Is this possible to accomplish given my table structure?
I'll give it a try and create VIEWs for each step, to make things more clear. In the end I will give an all-in-one query using CTEs, so that the real answer can be found down at step #5.
Preparation:
CREATE TABLE tasks (
id bigint NOT NULL AUTO_INCREMENT PRIMARY KEY,
task_start datetime,
task_end datetime
);
CREATE TABLE pauses (
id bigint NOT NULL AUTO_INCREMENT PRIMARY KEY,
task_id bigint NOT NULL REFERENCES tasks(id),
pause_start datetime,
pause_end datetime
);
INSERT INTO tasks(task_start, task_end) VALUES
('2022-07-02 07:45:01', NULL),
('2022-07-02 13:32:17', '2022-07-10 14:23:28');
INSERT INTO pauses(task_id, pause_start, pause_end) VALUES
(1, '2022-07-02 19:00:00', '2022-07-03 07:00:00'),
(2, '2022-07-05 14:00:00', '2022-07-05 14:05:00'),
(2, '2022-07-08 19:00:00', '2022-07-09 07:00:00');
Step #1: Transform anything to a series of events. Some task or pauses may have started but not yet ended, so fake dates are used:
CREATE OR REPLACE VIEW task_events AS
SELECT * FROM (
SELECT id AS task_id, 'task_start' AS event_type, task_start as event_time FROM tasks
UNION ALL
SELECT id, 'task_end', coalesce(task_end, date_add(task_start, INTERVAL 10 YEAR)) FROM tasks
UNION ALL
SELECT task_id, 'pause_start', pause_start FROM pauses
UNION ALL
SELECT task_id, 'pause_end', coalesce(pause_end, date_add(pause_start, INTERVAL 10 YEAR)) FROM pauses
) e
ORDER BY event_time;
Step #2: Transform the events back to periods:
CREATE OR REPLACE VIEW event_periods AS
SELECT e.*,
lag(event_type) OVER (PARTITION BY task_id ORDER BY event_time DESC) AS next_event_type,
lag(event_time) OVER (PARTITION BY task_id ORDER BY event_time DESC) AS next_event_time
FROM task_events e;
Step #3: Extract only those periods which started some work, that is whenever a task started or a pause ended.

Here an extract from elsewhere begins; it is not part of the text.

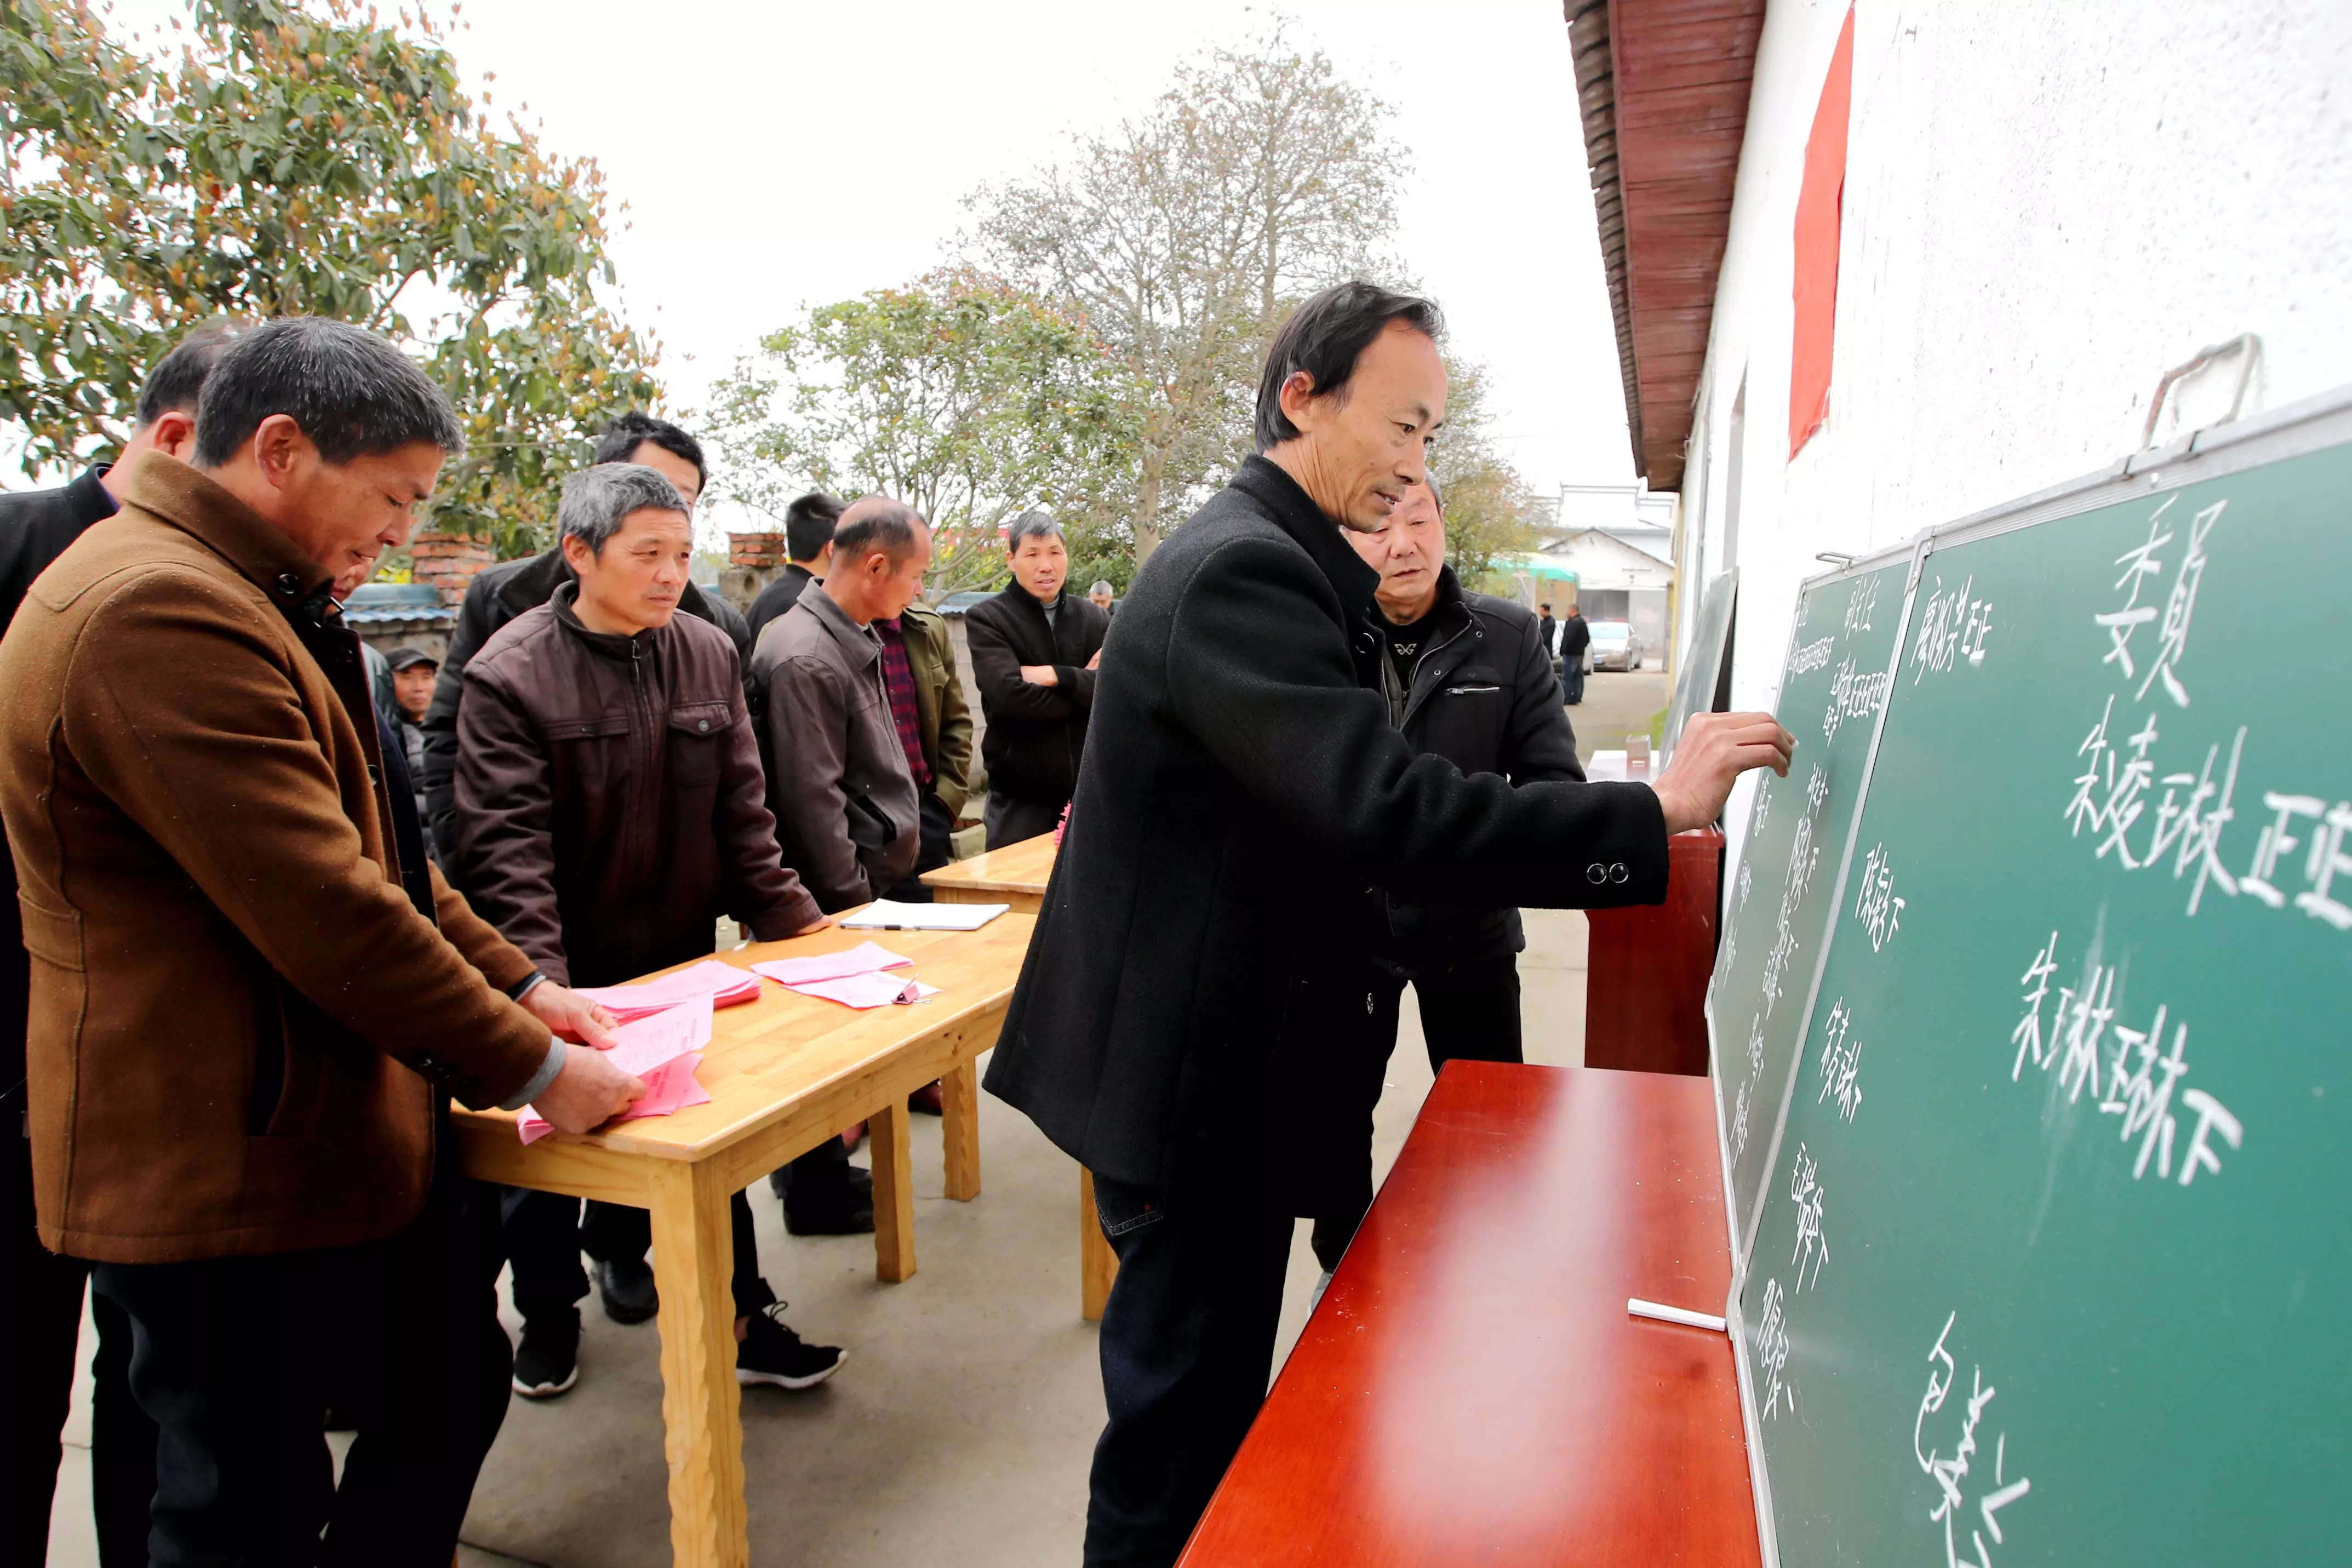 Workers count ballots during a village committee election at Geping village on March 4, 2021 in Xiajiang County, Jiangxi Province of China.
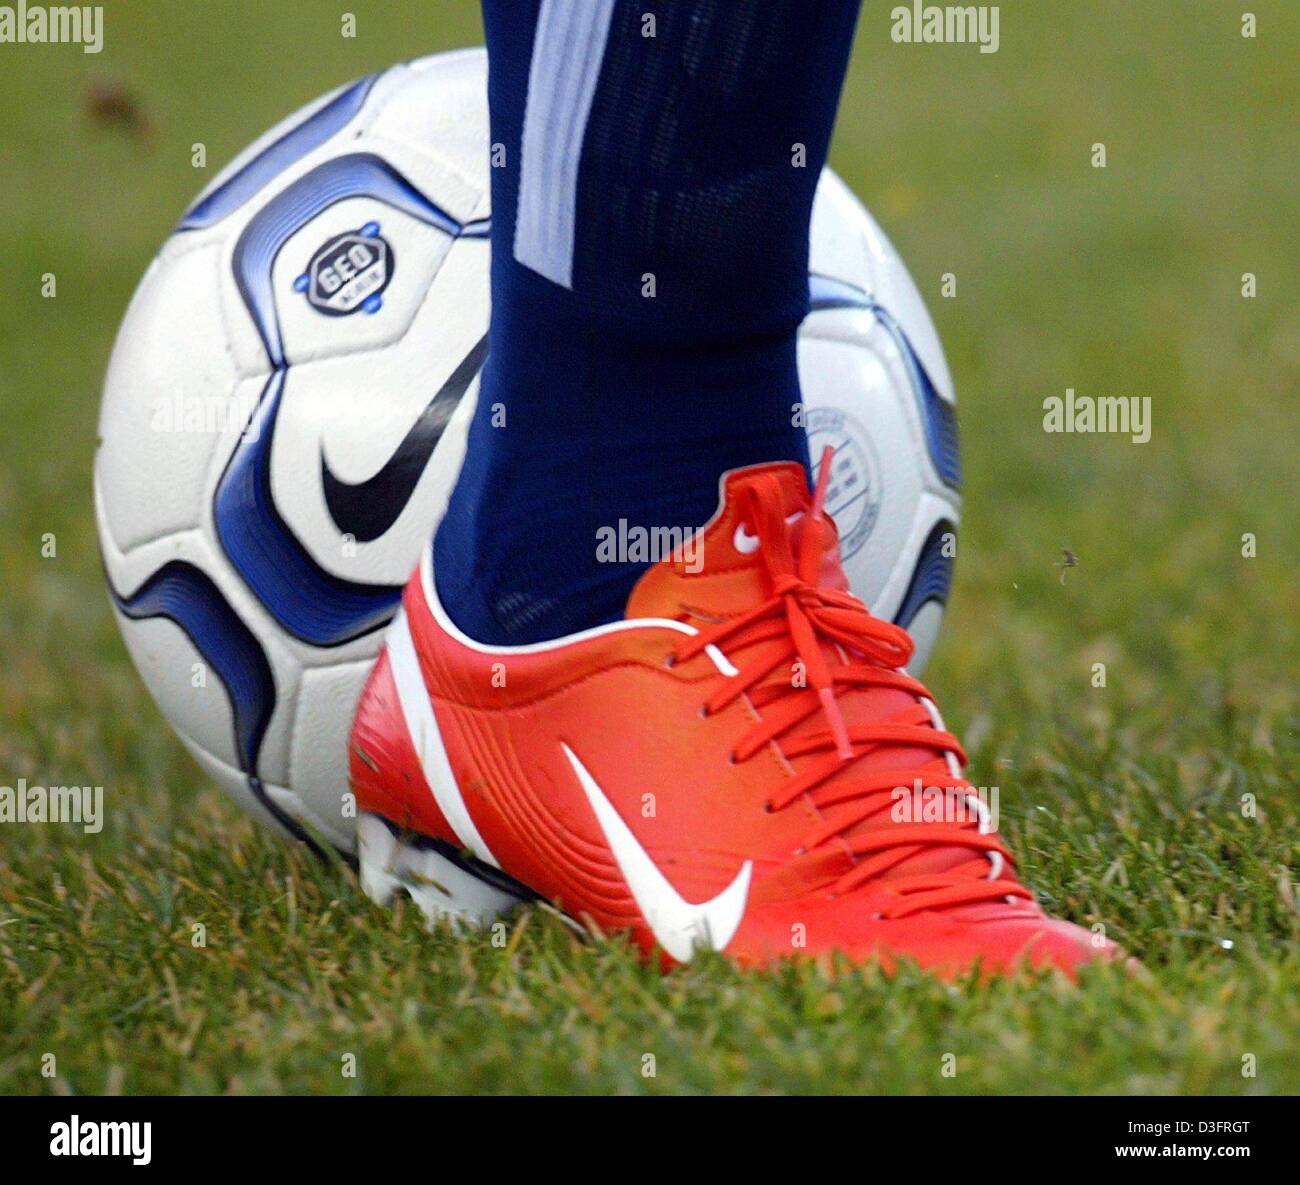 (dpa) - A bright orange Nike soccer shoe partially covers a Nike soccer ball on a soccer field in Berlin, Germany, 8 February 2003.  Marcelinho, a midfielder for Hertha BSC Berlin, recently began wearing the eye-catching shoe, which is new to the Nike line. Stock Photo

CREATE OR REPLACE VIEW working_periods AS
SELECT * FROM event_periods WHERE event_type IN ('task_start', 'pause_end')
ORDER BY task_id, event_time;
Step #4: Use the working_periods for reporting. E. g. to get the working time between 2022-07-09 and 2022-07-11:
SELECT p.*, timediff(next_event_time, event_time) AS working_time
FROM (SELECT task_id,
event_type, greatest(event_time, '2022-07-09') AS event_time,
next_event_type, least(next_event_time, '2022-07-11') AS next_event_time
FROM working_periods
WHERE next_event_time >= '2022-07-09' and event_time <= '2022-07-11') p;
Step #5: rewrite using CTEs
WITH task_events AS (
SELECT id AS task_id, 'task_start' AS event_type, task_start as event_time FROM tasks
UNION ALL
SELECT id, 'task_end', coalesce(task_end, date_add(task_start, INTERVAL 10 YEAR)) FROM tasks
UNION ALL
SELECT task_id, 'pause_start', pause_start FROM pauses
UNION ALL
SELECT task_id, 'pause_end', coalesce(pause_end, date_add(pause_start, INTERVAL 10 YEAR)) FROM pauses
),
event_periods AS (
SELECT e.*,
lag(event_type) OVER (PARTITION BY task_id ORDER BY event_time DESC) AS next_event_type,
lag(event_time) OVER (PARTITION BY task_id ORDER BY event_time DESC) AS next_event_time
FROM task_events e
),
working_periods AS (
SELECT *
FROM event_periods WHERE event_type IN ('task_start', 'pause_end')
ORDER BY task_id, event_time
),
report_periods AS (
SELECT task_id,
event_type, greatest(event_time, '2022-07-09') AS event_time,
next_event_type, least(next_event_time, '2022-07-11') AS next_event_time
FROM working_periods
WHERE next_event_time >= '2022-07-09' and event_time <= '2022-07-11'
)
SELECT p.*, timediff(next_event_time, event_time) AS working_time
FROM report_periods p;
Result:
task_id | event_type | event_time | next_event_type | next_event_time | working_time |
---|---|---|---|---|---|
1 | pause_end | 2022-07-09 00:00:00 | task_end | 2022-07-11 00:00:00 | 48:00:00 |
2 | pause_end | 2022-07-09 07:00:00 | task_end | 2022-07-10 14:23:28 | 31:23:28 |
I'm pretty sure, it's far from being perfect, but perhaps it can serve as a starting point.